If you invested in a very low cost index fund - where you don't put the money in at one time, but average in over 10 years -you'll do better than 90% of people who start investing at the same time.
If you understood a business perfectly and the future of the business, you would need very little in the way of a margin of safety. So, the more vulnerable the business is, assuming you still want to invest in it, the larger margin of safety you'd need. If you're driving a truck across a bridge that says it holds 10,000 pounds and you've got a 9,800 pound vehicle, if the bridge is 6 inches above the crevice it covers, you may feel okay, but if it's over the Grand Canyon, you may feel you want a little larger margin of safety.
Long ago, Ben Graham taught me that "Price is what you pay; value is what you get." Whether we're talking about socks or stocks, I like buying quality merchandise when it is marked down.
Investors should be skeptical of history-based models. Constructed by a nerdy-sounding priesthood using esoteric terms such as beta, gamma, sigma and the like, these models tend to look impressive. Too often, though, investors forget to examine the assumptions behind the models. Beware of geeks bearing formulas.
Over the years, Charlie [Munger, Berkshire Hathaway Vice Chairman] and I have observed many accounting-based frauds of staggering size. Few of the perpetrators have been punished; many have not even been censured. It has been far safer to steal large sums with pen than small sums with a gun.
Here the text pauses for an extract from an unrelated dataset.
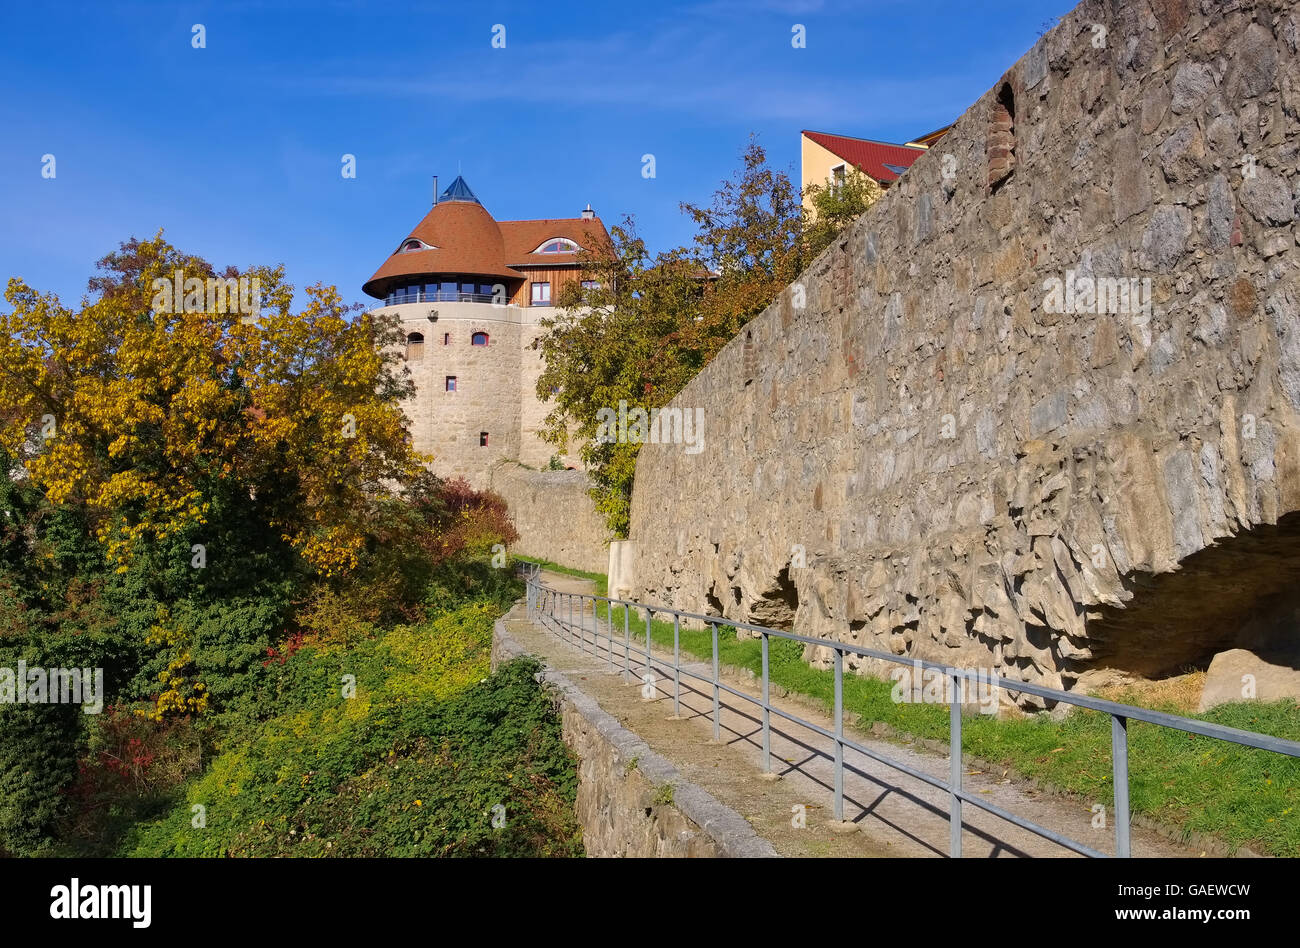 Bautzen Stadtmauer in der Oberlausitz - town wall in Bautzen, Upper Lusatia in Germany Stock Photo
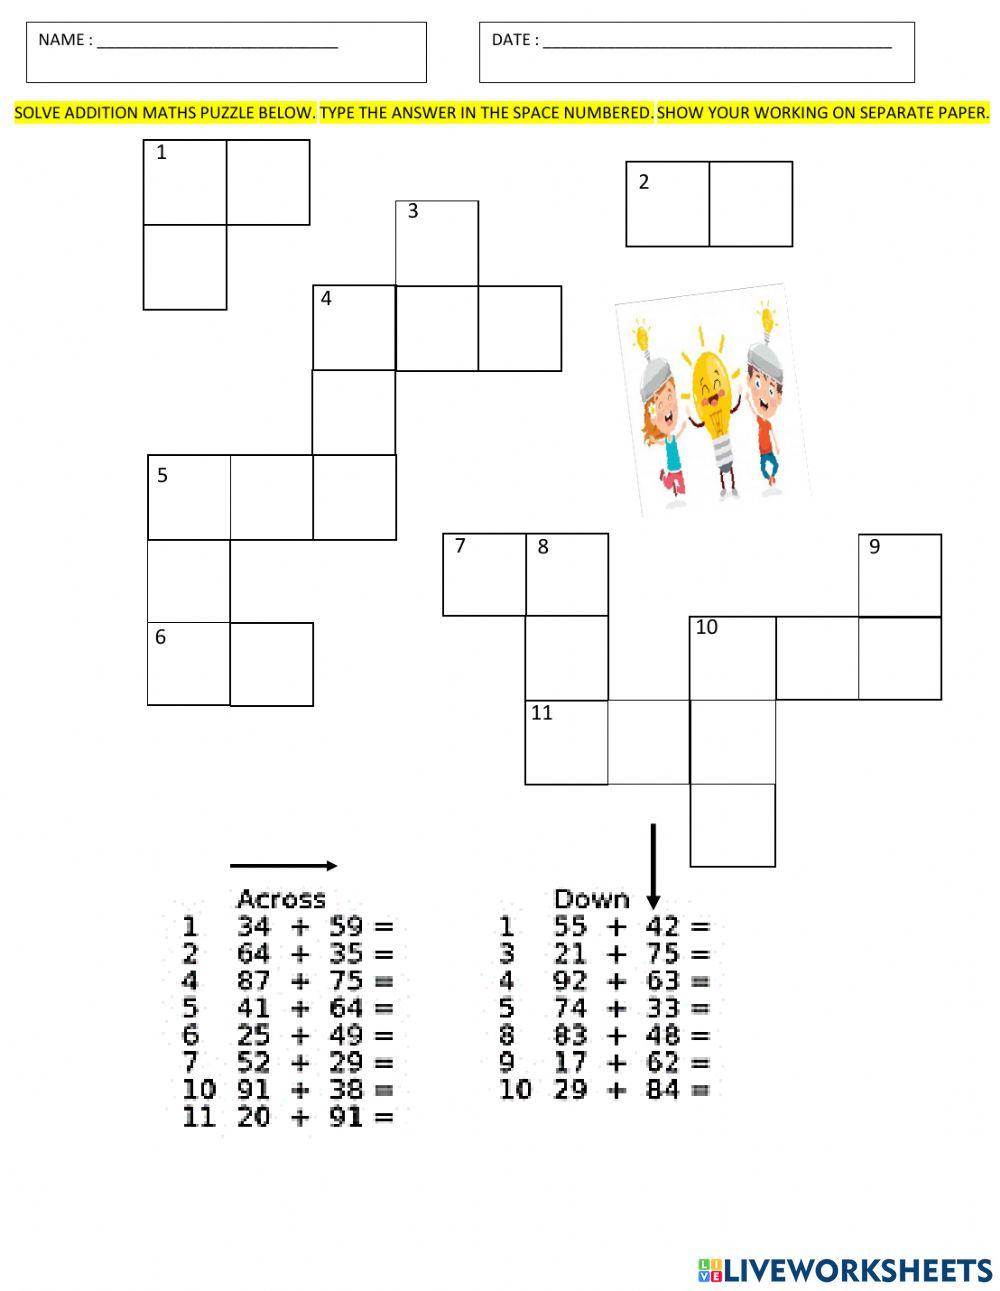 Maths puzzle week 44

Mark Zuckerberg will be a hero to many young entrepreneurs 20 years from now. Bill Gates will be a hero to others, and they will look to those [people] like I read books when I was in my teens about Rockefeller or Carnegie.
We have usually made our best purchases when apprehensions about some macro event were at a peak. Fear is the foe of the faddist, but the friend of the fundamentalist.
As of 1992, in fact-though the picture would have improved since then-the money that had been made since the dawn of aviation by all of this country's airline companies was zero. Absolutely zero.
Ben's Mr. Market allegory may seem out-of-date in today's investment world, in which most professionals and academicians talk of efficient markets, dynamic hedging and betas. Their interest in such matters is understandable, since techniques shrouded in mystery clearly have value to the purveyor of investment advice. After all, what witch doctor has ever achieved fame and fortune by simply advising 'Take two aspirins'?
It's a nightmare to administer some of this sort of thing, but I want to tell the shareholders of Berkshire, to the percent we own marketable securities or things for which there are market, even if those markets - I want to tell them what it's all about.
If you expect to continue to purchase stocks throughout your life, you should welcome price declines as a way to add stocks more cheaply to your portfolio.
Investors... can't pick stocks that are better than average. Stocks are a good thing to own over time. There's only two things you can do wrong: You can buy the wrong ones, and you can buy or sell them at the wrong time. And the truth is you never need to sell them.